There has been a growing effort to repatriate artifacts illicitly obtained and traded on the international market and return them to their countries of origin and preserve their cultural value. Such artifacts include those held by museums such as the Getty Museum (e.g. Victorious Youth) and the Metropolitan Museum of Art (e.g. Euphronios Krater). In July 2023, a repatriation ceremony was held at the Indian Consulate in New York City to celebrate the handing over of 105 trafficked antiquities to India. The countries had agreed to prevent illegal trafficking of cultural artefacts during Prime Minister Modi's state visit to US. The artifacts span a period from the 2nd to 19th centuries. Around 50 of them have religious significance.
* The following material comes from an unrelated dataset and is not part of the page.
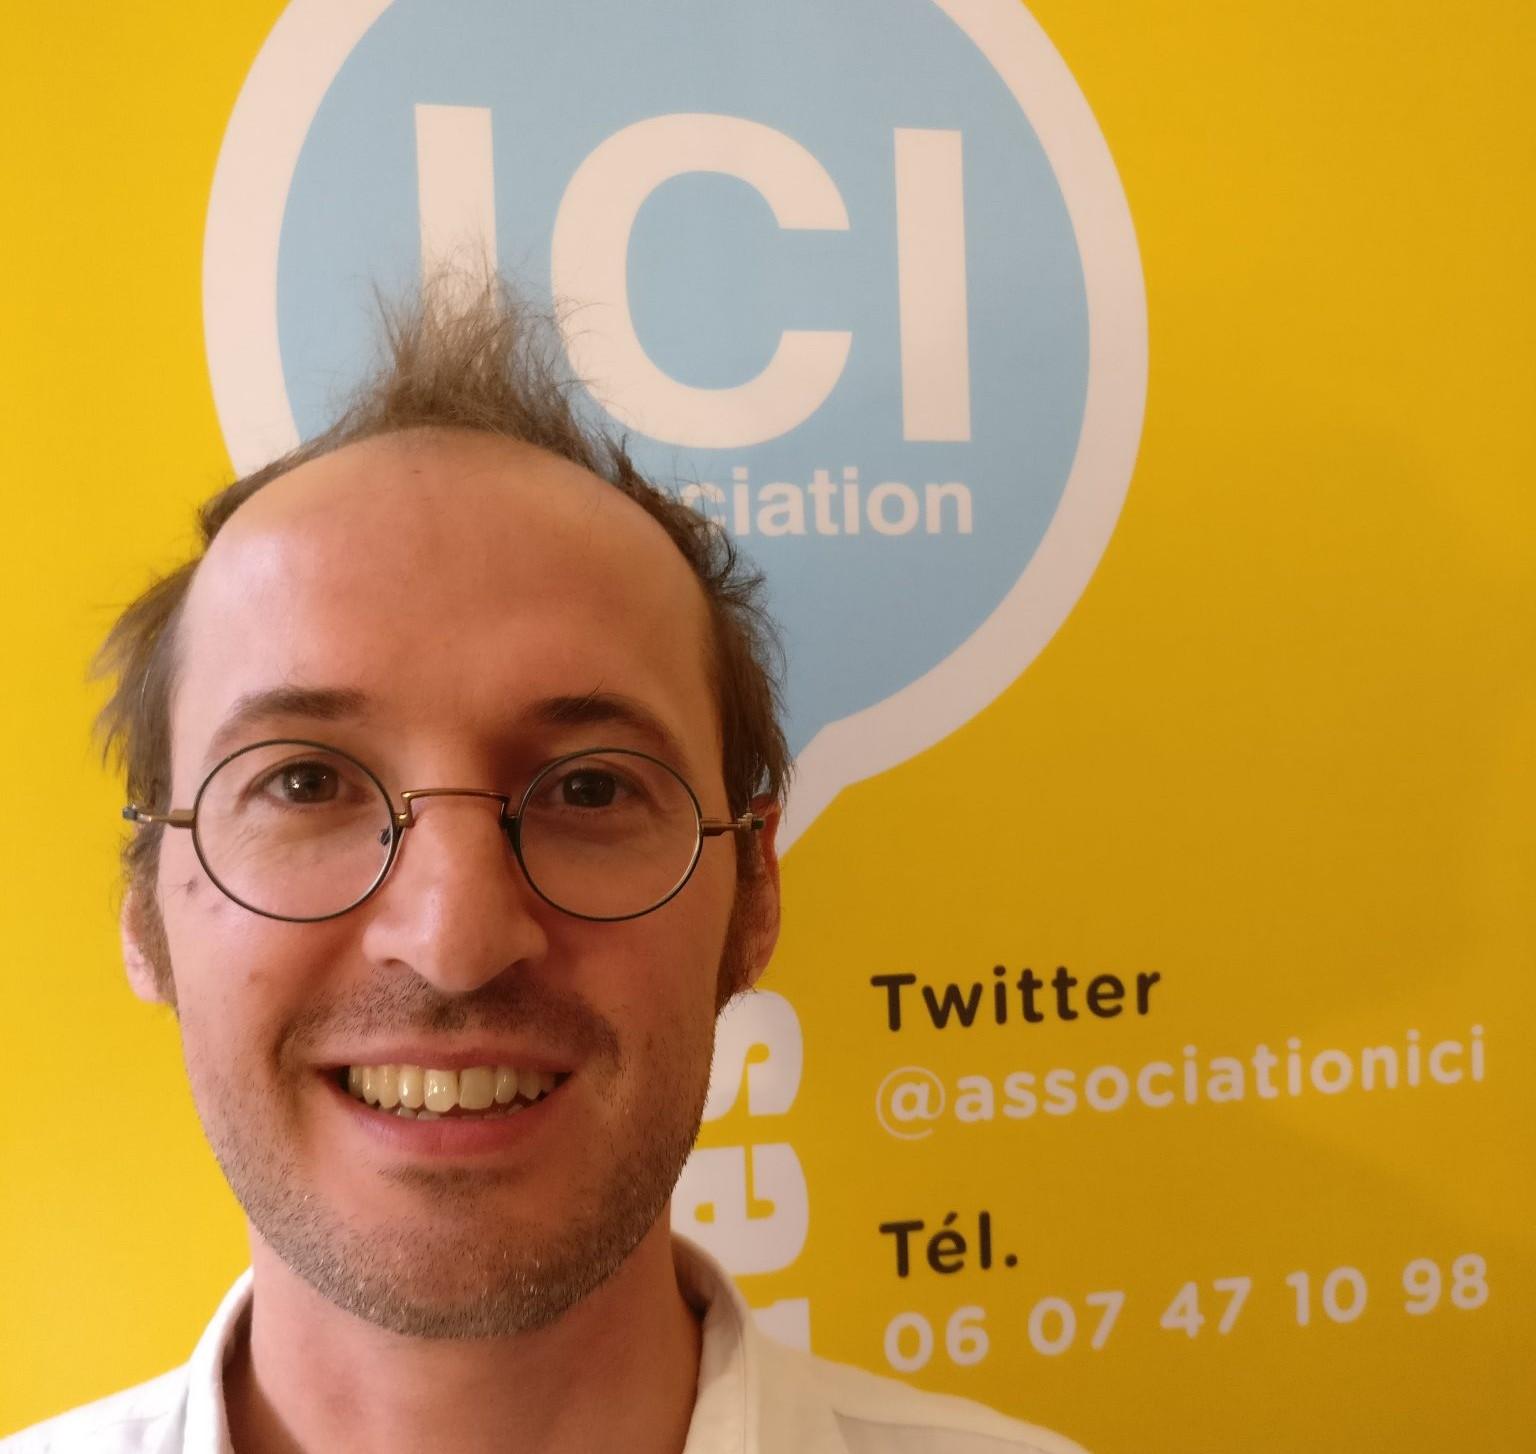 Joachim Pasquet - Secrétaire Association ICI 2017

To combat looting, aerial surveillance - the effectiveness of which depends on the capability to perform systematic prospections - is increasingly being used. It is sometimes impractical, due to military activity, political restrictions, the vastness of the area, difficult environments, etc. Space technology could offer a suitable alternative, as in the case of Peru, where an Italian scientific mission directed by Nicola Masini has since 2008 been using very high resolution satellite data to observe and monitor the phenomenon of huaqueros (archaeological looting) in some archaeological areas in southern and northern Peru. The U.S. Government Accountability Office issued a report describing some of the United States’ cultural property protection efforts.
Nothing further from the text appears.